Das Jahr 2050 liegt jetzt noch 33 Jahre vor uns. Das erscheint erstmal als ein kurzer Zeitraum für wirklich große gesellschaftliche Veränderungen. Ich bin selbst vor ungefähr 33 Jahren geboren worden und wenn ich auf den Zeitraum Mitte der 80er blicke, dann wird deutlich, dass große Veränderungen manchmal gar nicht so lange brauchen, wie mensch meint. Mitte der 80er Jahre war es unvorstellbar, dass die Mauer, die Deutschland und symbolisch fast die gesamte Welt geteilt hat, durch den Protest von mutigen Menschen fallen würde und damit auch die Sowjetunion als Unrechtssystem stürzen würde. Es gab trotz schon starker zivilgesellschaftlicher Proteste einen politischen Konsens der Mächtigen zur vermeintlich sichereren Atomkraft und die Forderung nach einem Ausstieg wurde als unrealistisch abgetan. Es war unvorstellbar, dass Männer Männer und Frauen Frauen heiraten dürften.

Ich habe das vorabgeschickt, weil Sie sonst meinen würden, dass meine persönliche Utopie wie ein Hirngespinst klingt, das niemals erreicht werden kann. Ich aber glaube daran, dass wenn wir gemeinsam für eine gerechtere Welt streiten, wir diese auch gestalten können.

Wie also sieht meine Utopie für das Rheinische Revier im Jahr 2050 aus?

Natürlich haben die Tagebaue längst geschlossen und das Gebiet wurde einem umfassenden Renaturierungsprozess unterzogen. Es sind Wälder und Seen zur Naherholung und fruchtbare Ackerflächen für Permakulturgärten entstanden. Die Natur erholt sich langsam von den ökologischen Schäden des Tagebaus. Die Menschen sehen die Natur vor Ort nicht mehr als verwertbare Ressource, sondern als Grundlage allen Lebens an und nehmen nie mehr, als sie brauchen und die Natur zur Erneuerung noch braucht.
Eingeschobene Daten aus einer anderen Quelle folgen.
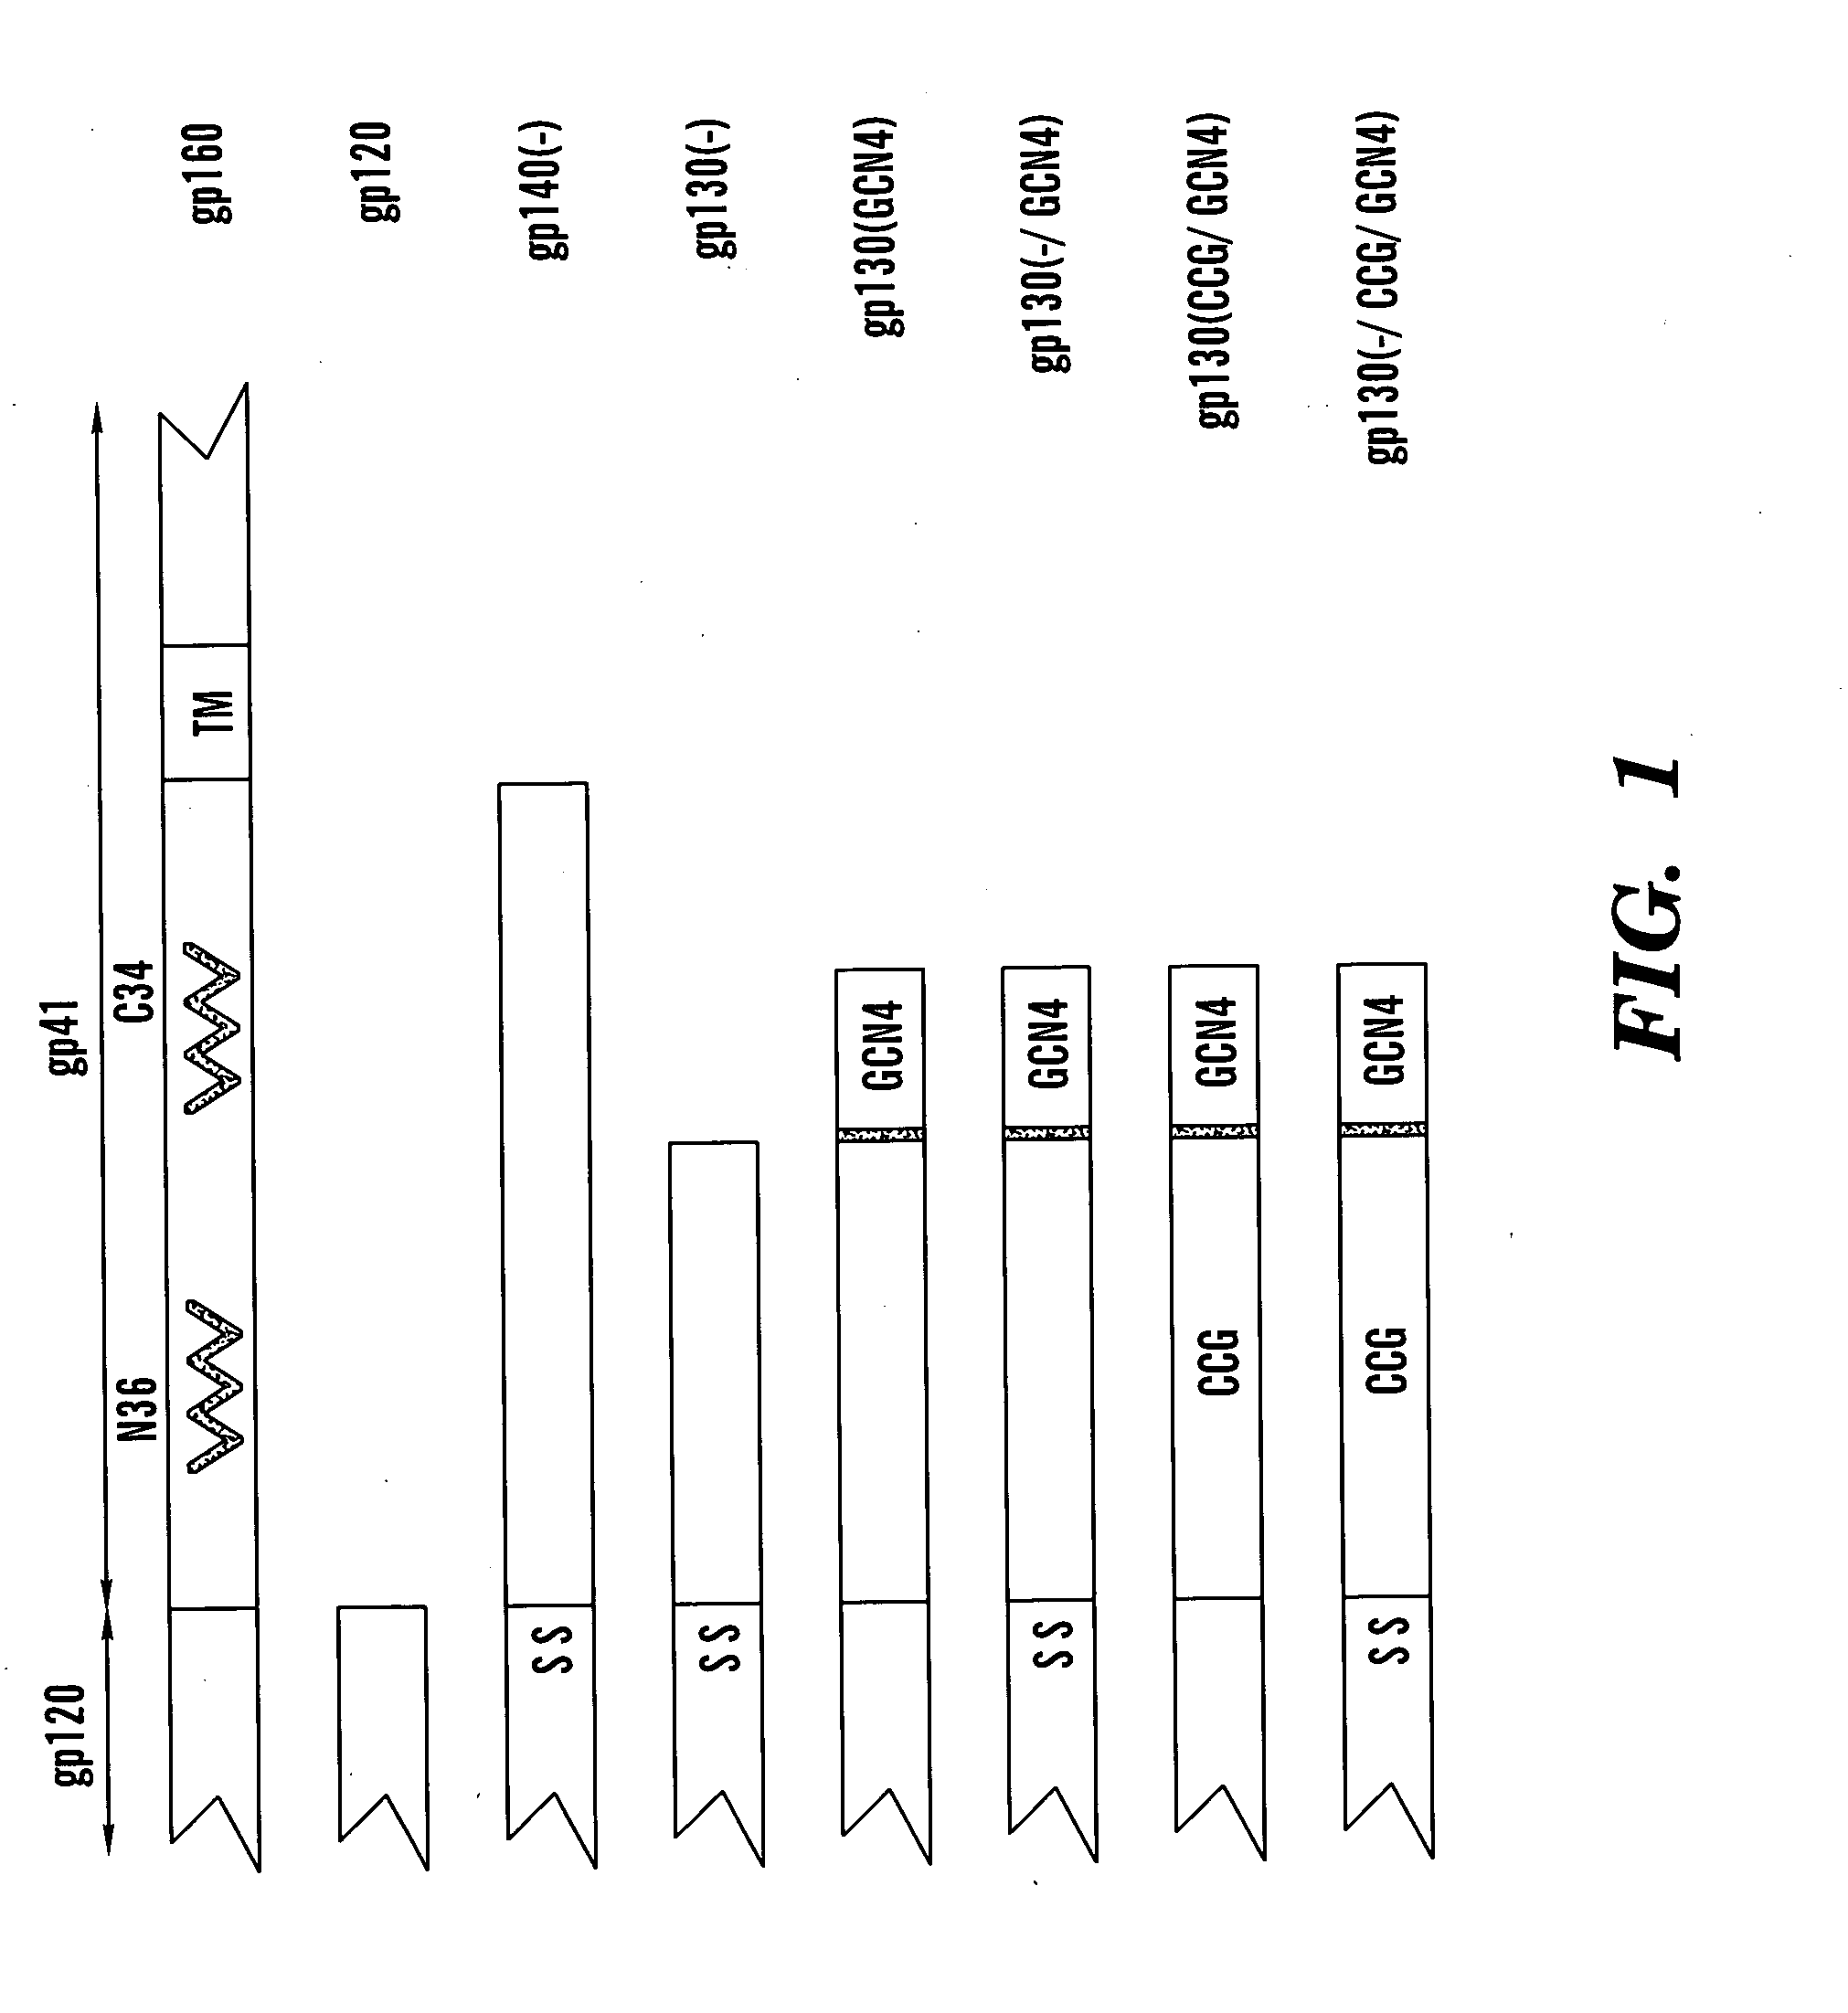 Stabilized soluble glycoprotein trimers

Die notwendige Energie wird zu 100% aus Wind und Sonne gewonnen und wird von demokratisch verwalteten Betrieben, die den Bürger*innen gehören, produziert. Der Energieverbrauch wurde aber auch stark gedrosselt. Energieintensive Unternehmen wurden geschlossen. Im Rheinischen Revier 2050 haben aber viele Dinge auch keinen Platz mehr: solarbetriebene Apfelsinensaftauspressmaschinen z.B., mit Biodiesel betriebene Kampfjets oder das vermeintliche Menschenrecht auf einen Geländewagen, egal ob Diesel, Hybrid oder Elektro. Der Verkehr ist fast vollständig auf Fahrrad und kostenlosen ÖPNV umgestellt worden. Auf den Autobahnen finden regelmäßig Kunstevents von Künstler*innen aus der ganzen Welt und Spaßwettläufe in Seifenkisten und Rollschuhen statt. Was es dafür gar nicht mehr gibt, ist Werbung: Nirgendwo wird uns erzählt, was wir vermeintlich noch alles kaufen und konsumieren müssten, um angeblich noch glücklichere und bessere Menschen zu werden.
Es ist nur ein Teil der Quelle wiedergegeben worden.